When I wrote Re-evaluating Bitcoin last year, the price of Bitcoin was about $26,500. Clearly my timing was off, because after reading Easy Money by Ben McKensie, and considering all the risks, I decided to sell some of my Bitcoin. Now it’s about $70,000 LOL. It’s a good thing I’m not a financial advisor.
However, all of the risks still exist, and I’m now aware of a couple more, which is the reason for this update.
The risks already explained in the first article were hackers, the difficulty of cashing out, the high exchange fees, the lack of ease of use as shown in El Salvadore’s experiment, the very complicated process of securing your Bitcoin with a hardware wallet, the near impossibility of Bitcoin ever becoming universal as a currency because of the time it takes to add each transaction to the blockchain, the number of fraudulent actors like Sam Bankman-Fried in the business, and the difficulty of Bitcoin mining.
On mining, I wrote “…I thought I understood how BTC is mined; now I'm not so sure; still studying it. I'm wondering how, as the permanent blockchain ledger of every single bitcoin transaction gets bigger and bigger, and the miners need bigger and bigger banks of computers and use more and more electrical power to find new 64 digit characters for each transaction, if a limit of capability or feasibility will be reached.”
Now that we’re hearing more and more about the accelerating demand for the power demands of data centers, Bitcoin mining is right in the middle of the problem.
To understand what I now see as a new threat, first we have to look at the difference between Bitcoin and Ethereum. Bitcoin transactions are verified on the blockchain by “proof of work”. The “work” is using vast computer power for each transaction to find a blockchain identifier (like a very long password) that hasn’t already been used. Actually, being “decentralized”, it’s the vast computer power of many miners all over the world all trying at the same time to be the first to find the next identifier. The first one to accomplish this gets the reward, which is in Bitcoins. All this computing power is eating up huge amounts of electrical power for the computing and for cooling the computers. That’s why Bitcoin miners try to locate their data centers close to power sources.

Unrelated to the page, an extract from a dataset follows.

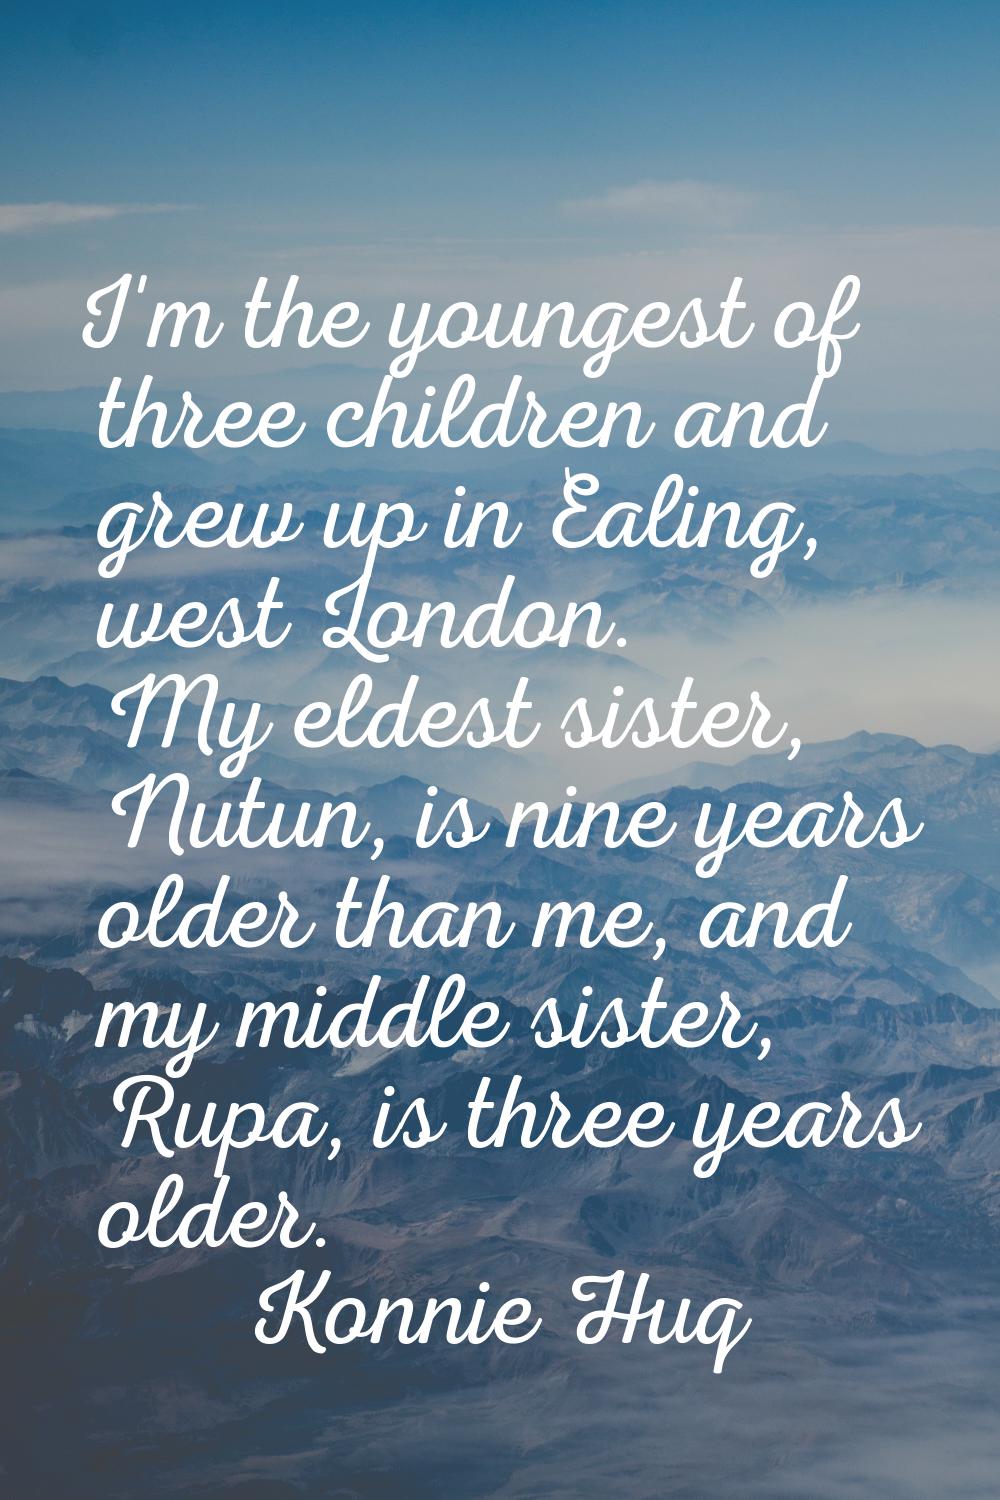 I'm the youngest of three children and grew up in Ealing, west London. My eldest sister, Nutun, is 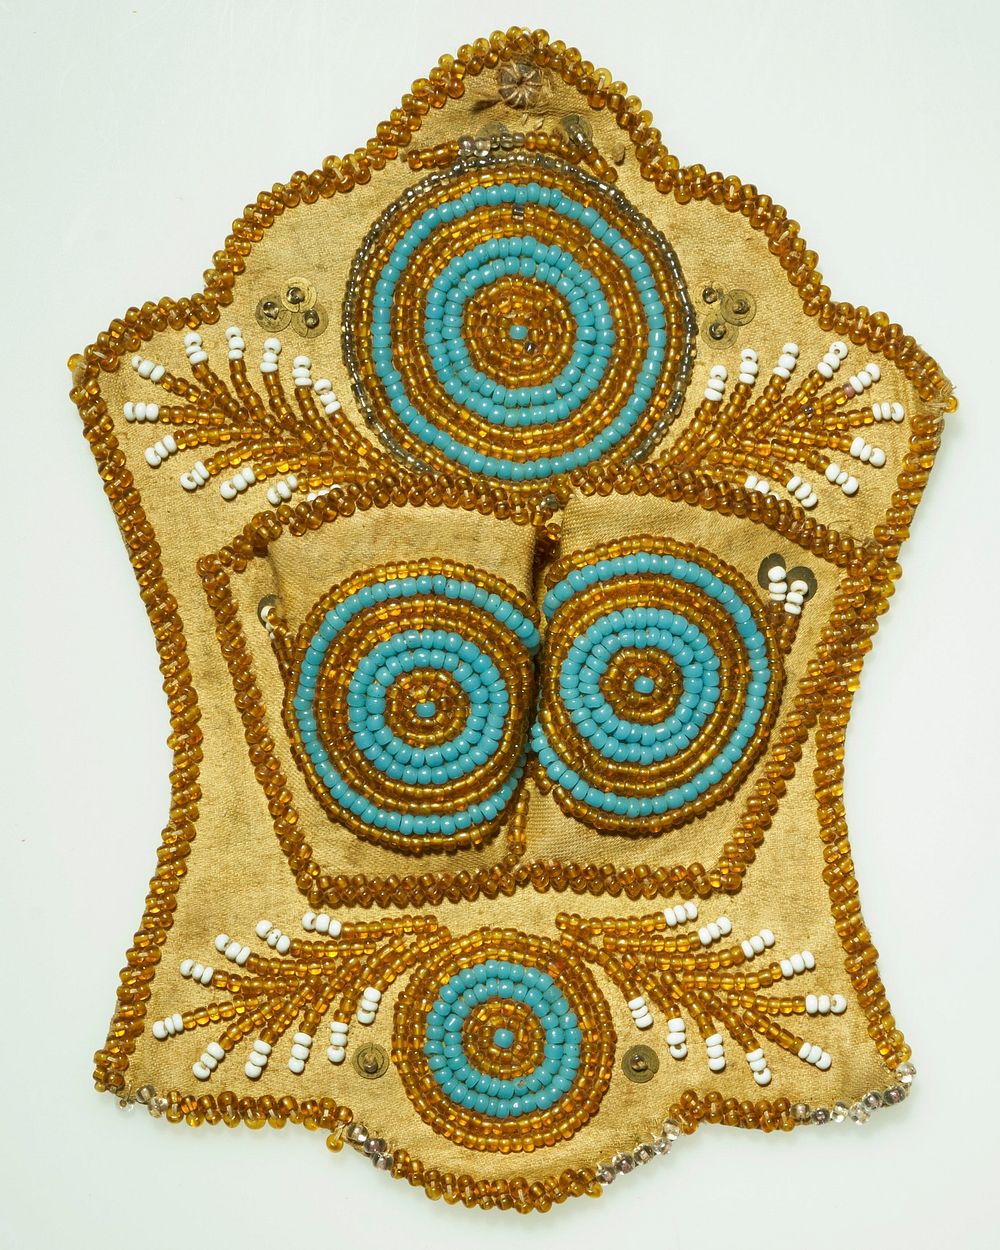 tan front and back; four concentric circle motifs in blue, orange, and grey beads; leaf-like shapes in orange and white…

Meanwhile, Ethereum is a platform for developers of crypto programs, software utilizing blockchain technology. Ethereum per se is not a currency, although it is associated with it’s own coin, ETH, which is like a currency. Unlike Bitcoin, ETH uses “proof of stake” to verify each transaction. It is decentralized in that thousands of stakeholders check and verify each transaction before adding it to the blockchain. Proof of stake is quicker than proof of work, and it uses much less electricity.
So the threat, as I see it, is that the power demands of mining Bitcoin will soon force it to change to proof of stake or be outlawed. Our power grid is so vulnerable now with so much of it being based on unreliable wind and solar that serious grid outages are bound to happen in the next few years, and unnecessary power consumption will be in the crosshairs. So far, Bitcoin has refused to consider switching to proof of stake, so whatever will happen is uncertain.
Since ETH uses much less power, and it has actual use cases of value, it may have a much brighter future than Bitcoin.
The second threat that I see, to both Bitcoin and Ethereum and all crypto, is from quantum computing. It sounds like quantum computers may soon be able to crack the blockchain and all encryption and passwords. It’s hard to imagine what that would be like, but it might make it easy for any bad character with access to quantum computing to steal any crypto currency.
At that point, physical gold will regain its luster. Or anything real and tangible.
I put a "like" down, although for me on this subject it is life reading a mystery novel and trying to find out who the good guys and the bad guys are.